Ardus turned off the screen, irritated. Humans, what a bizarre people. He sat in the dark of his apartment, alone, unable to erase the image of a particular human from his mind. Also, he could not wipe away the sensation of her skin from his hand, the one he'd used to set her on her feet - again - hours before. Leaning his head back on the low couch, his long legs thrown out before him and his arms crossed over his stomach, Ardus listened to the sound of waves coming in through his open windows.

It was a fine night, the moon was dark and the stars shone on the waves and turned the world into an endless sea studded with chips of ice and diamonds. He heard night creatures scurrying around on the roof, their soft sounds familiar. Looking to his left he gazed out the wide glass wall that led out to the ocean, thinking about the water. He hadn't gone night-swimming in...how long had it been? But it was inadvisable to do so, so long as his bioluminescent pores remained dark. Most sea creatures avoided a Dreen's colors, their status as apex predator of Dreenai well-established millions of years before Ardus's birth. Without them he was a sitting water-runner for screamers, flashers, drybacks and the odd Dreen boatman fishing at night.

Ardus's head rolled back to stare at the ceiling. If he closed his eyes he could see her, could smell her, feel her in his hands as he set her upright. She weighed so little, her body so small and fragile compared to what Ardus was used to. He reached for the glass on the side table and took another swallow of his drink, letting the chemical burn of fermented white foam algae sear his tongue and gullet. After a few of these he felt less upset about his thoughts and more relaxed, more easily distanced than he had in the moment when her soft, bronze skin had been under his fingers. Then he had been anxious, confusedly staring at her while she gathered the things she had dropped, all the while knowing he should have stooped and helped her but instead stood watching her like a useless idiot.

He looked at his hand, at the leathery palm and claw-tipped fingers with their short webs and knuckles crisscrossed with small scars and darkened pores. He knew how it looked to be the only Dreen without light, to be the darkest face in a room, to sit alone in his apartment with nothing to do except listen to waves he couldn't touch until sunrise. Speaking of touching... Human women are so strange. Their faces, their bodies, nothing at all like a Dreen. There is just so much. Hair, eyes, curves...

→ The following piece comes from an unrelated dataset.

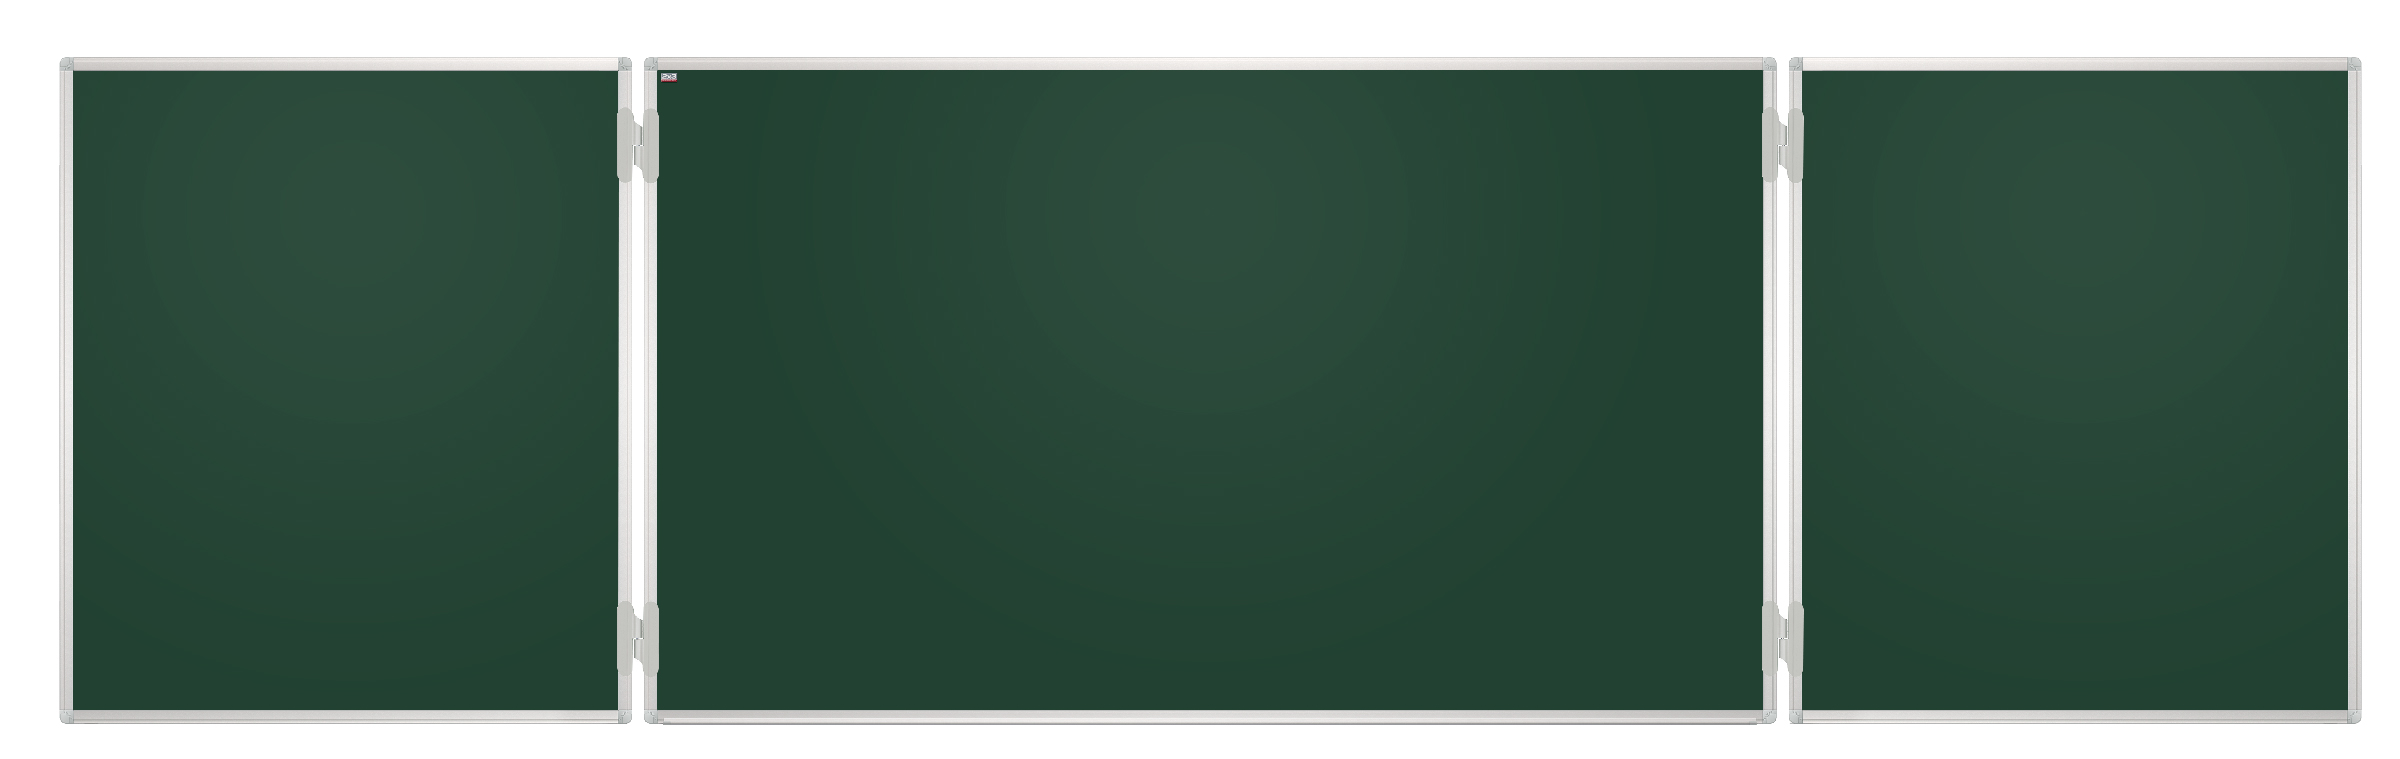 tablice szkolne rozk adane tryptyki 2 3 s a. Black Bedroom Furniture Sets. Home Design Ideas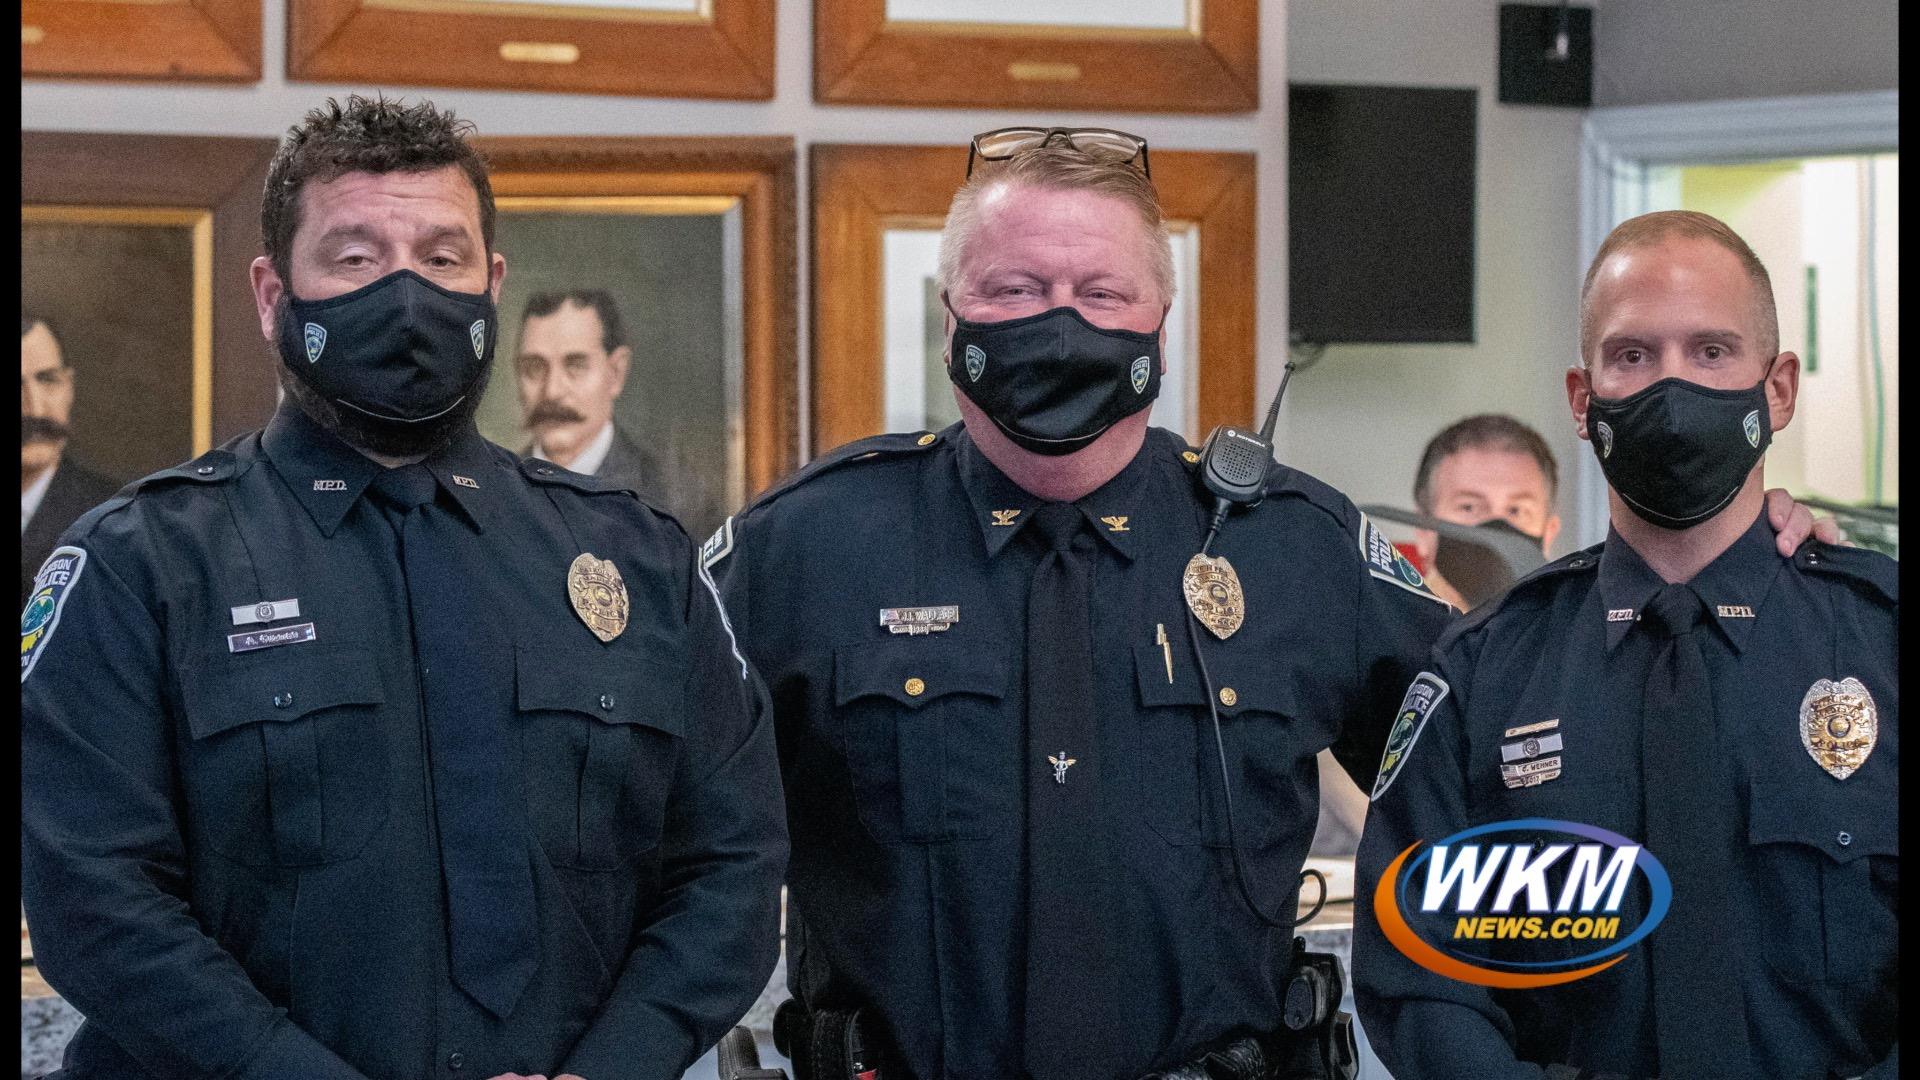 MPD Awards Life-Saving Officers

He breathed deep, pulling in cool salt air and expelling it all in an explosive sigh. Those curves were what bothered him the most, the impression that no matter where he looked, there was something to look at. Her soft cheeks, her brown shoulders, the line of her neck, her impossibly round hips and thighs and... He drained his glass and flopped sideways on the couch, flat on his back. The room rocked slightly. No more white foam tonight, he thought. It would be hard enough to sleep as it was, staring up into the dark with the images burned into his brain forcing themselves to the front of his thoughts. I am too old for this, been dark too long. I should go to bed. But if he did that, morning would come sooner and he would have to go into that office and be near her. A part of him liked that, liked it very much. He could go and look and watch how her body moved in those strange human clothes she wore. There was some kind of skirt, one that encased her legs from her knees up to her waist. She'd been wearing a dark blue one in the marketplace when he'd found her and her ruined dinner on the sand.